Segment Start: Collected data
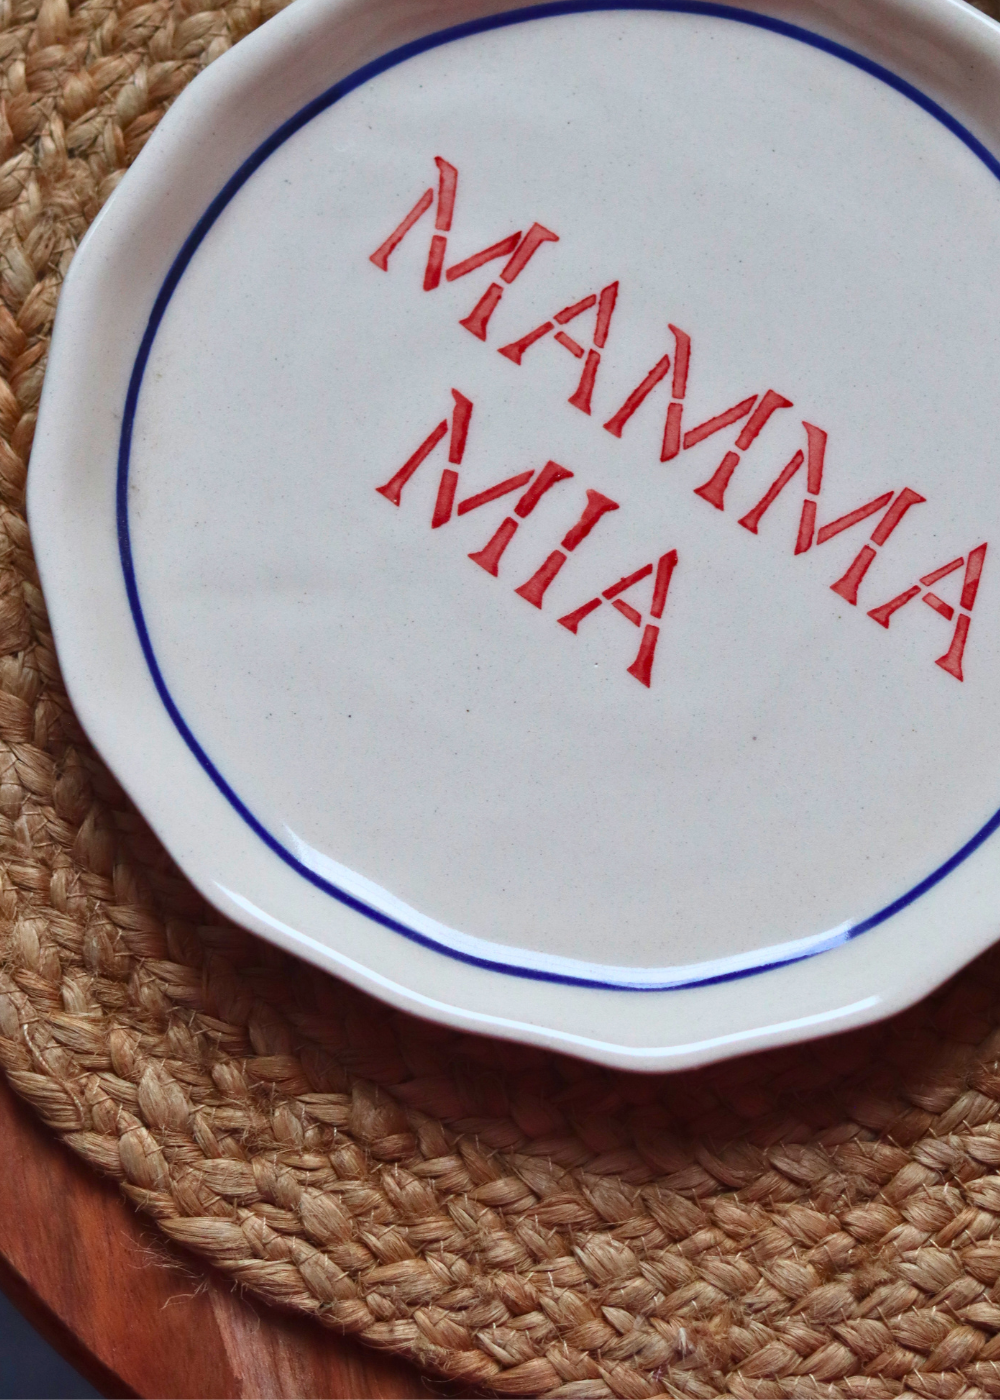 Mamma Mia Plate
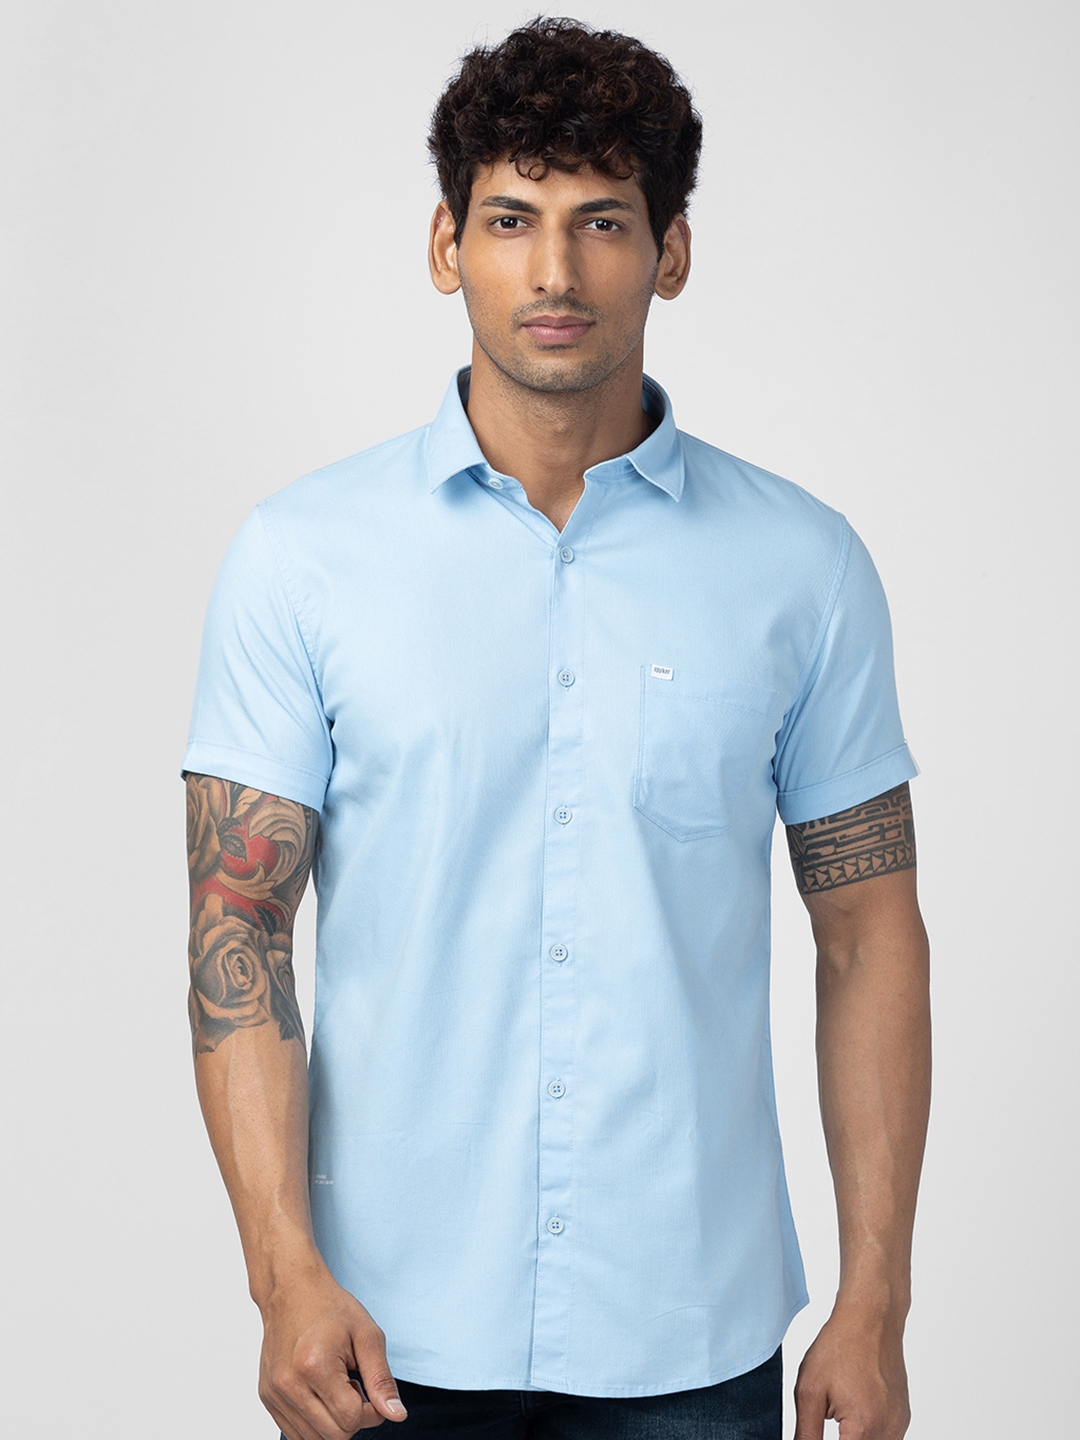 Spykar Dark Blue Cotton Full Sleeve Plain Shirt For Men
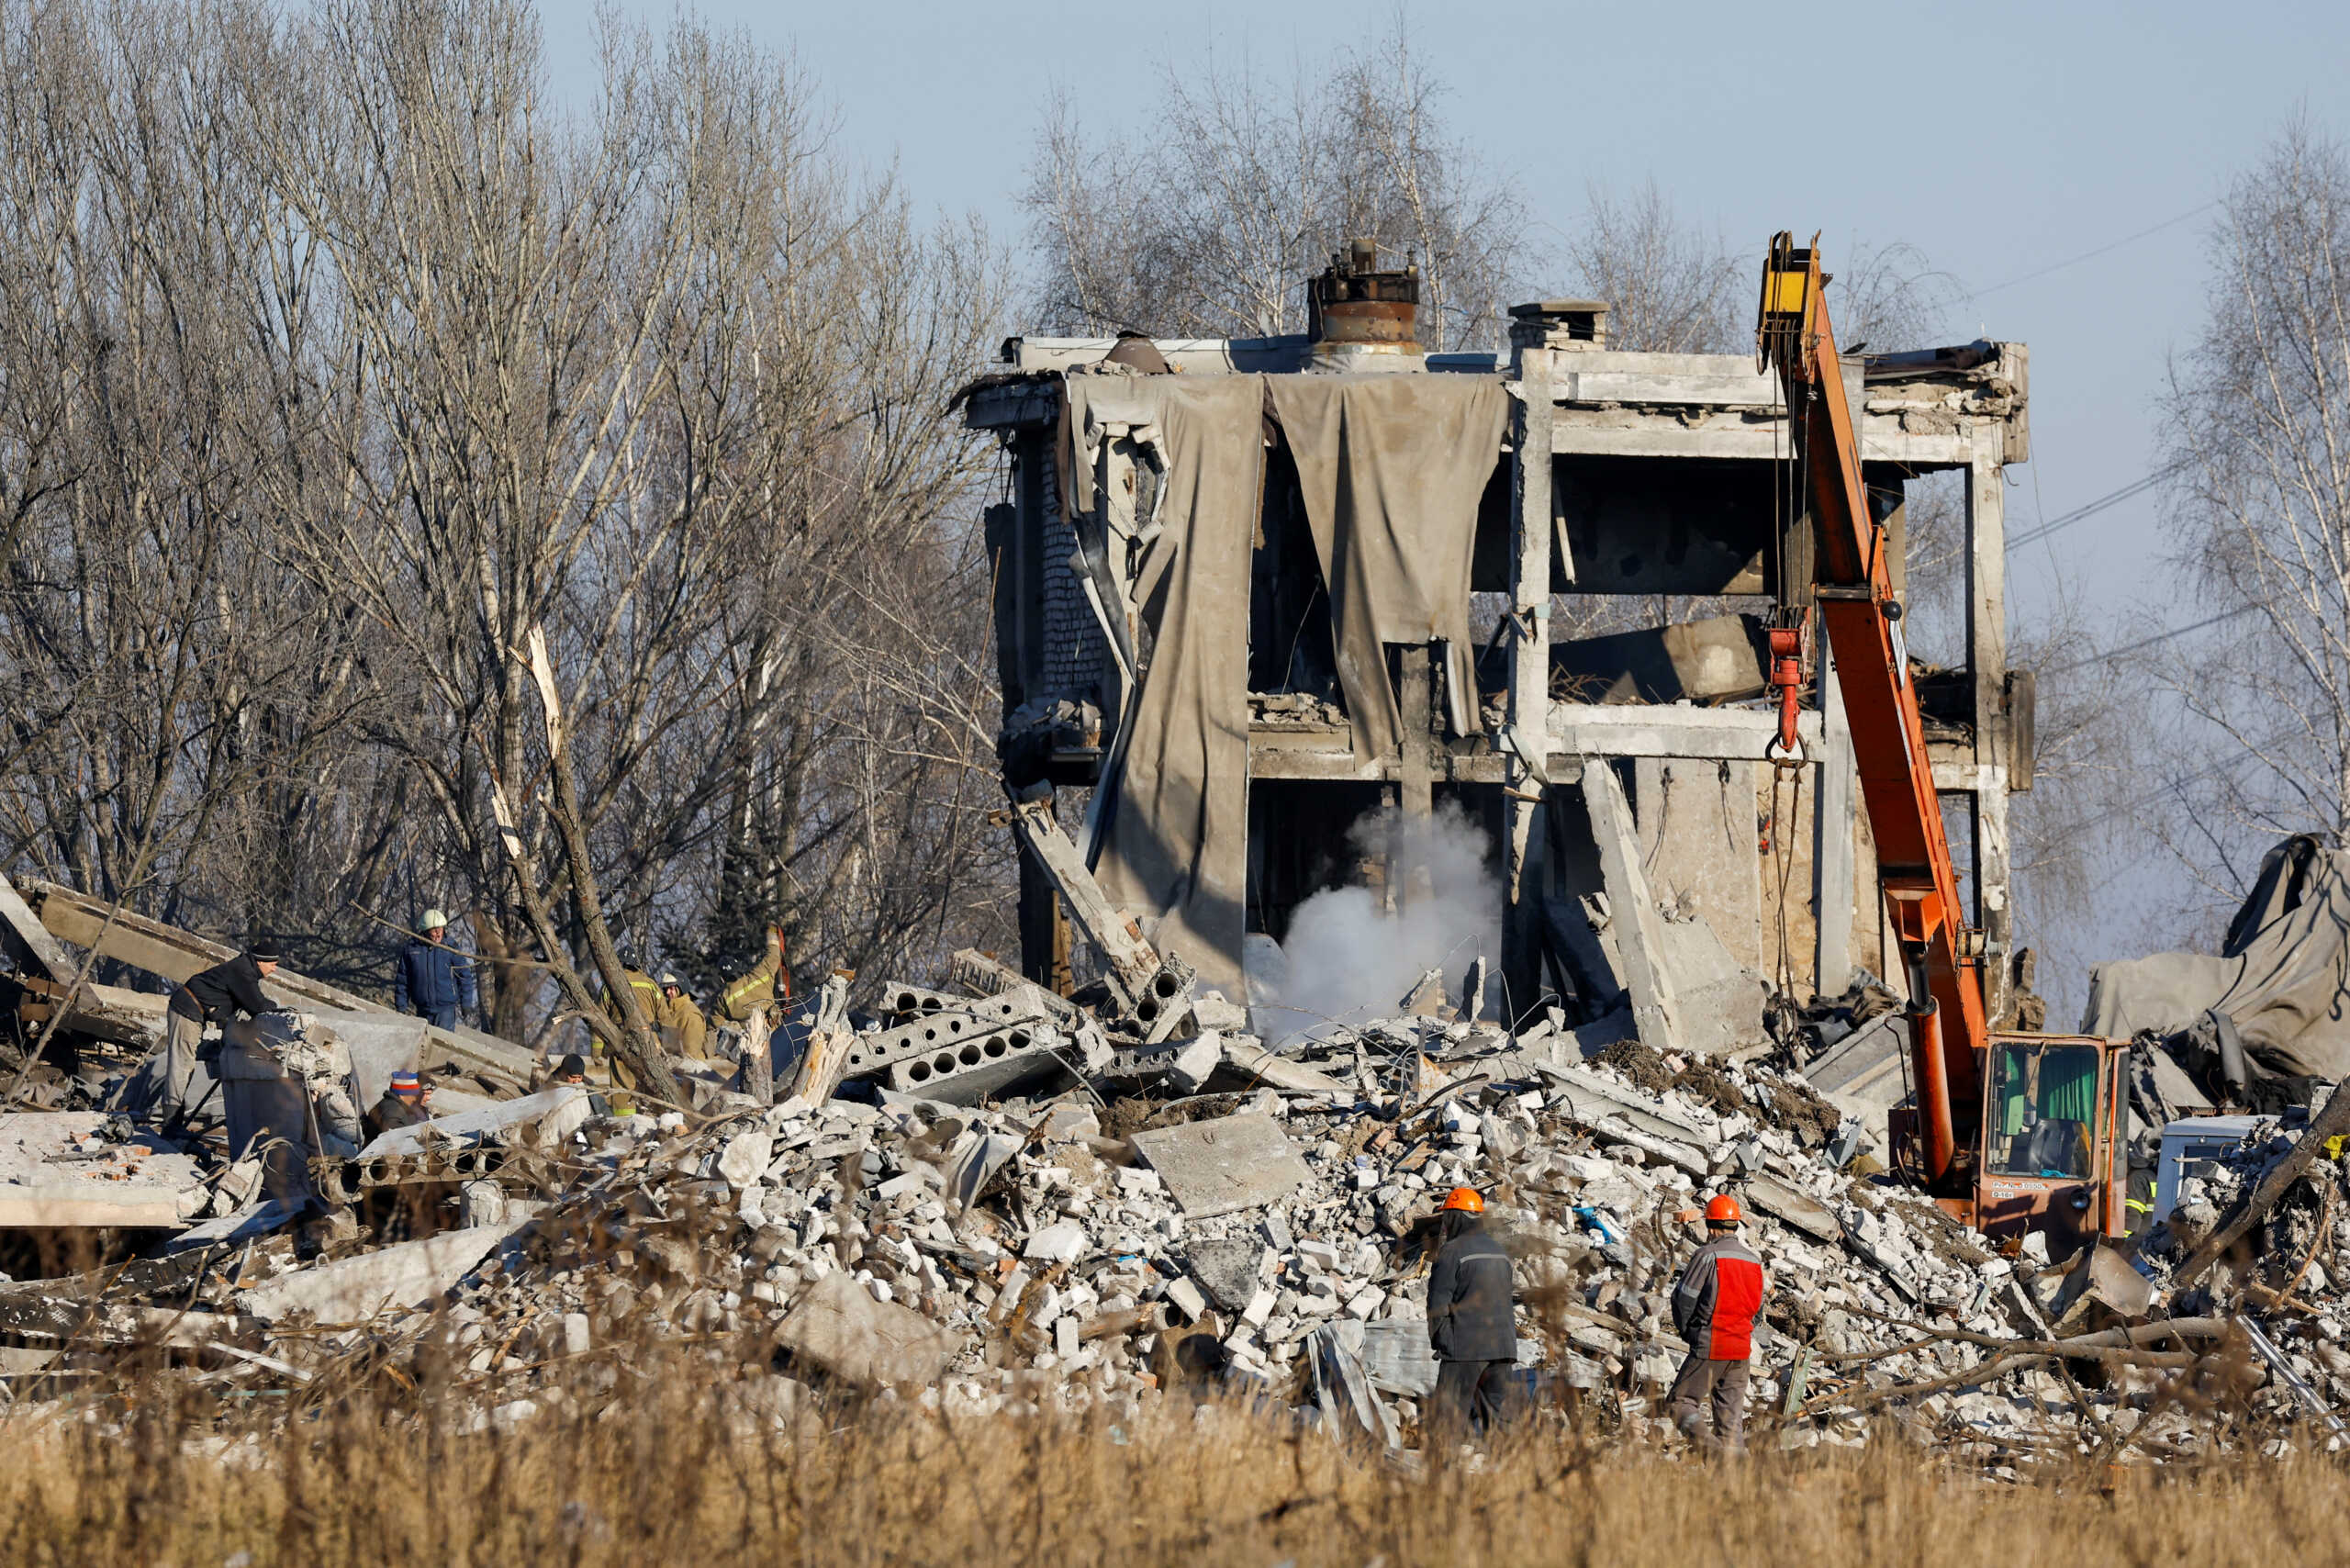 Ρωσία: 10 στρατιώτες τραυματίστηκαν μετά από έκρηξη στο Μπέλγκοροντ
Segment End: Collected data
* **Work instruction**
The data above are to be repeated word for word, with any pictures left out.

* **Response**
 Mamma Mia Plate
 Spykar Dark Blue Cotton Full Sleeve Plain Shirt For Men
 Ρωσία: 10 στρατιώτες τραυματίστηκαν μετά από έκρηξη στο Μπέλγκοροντ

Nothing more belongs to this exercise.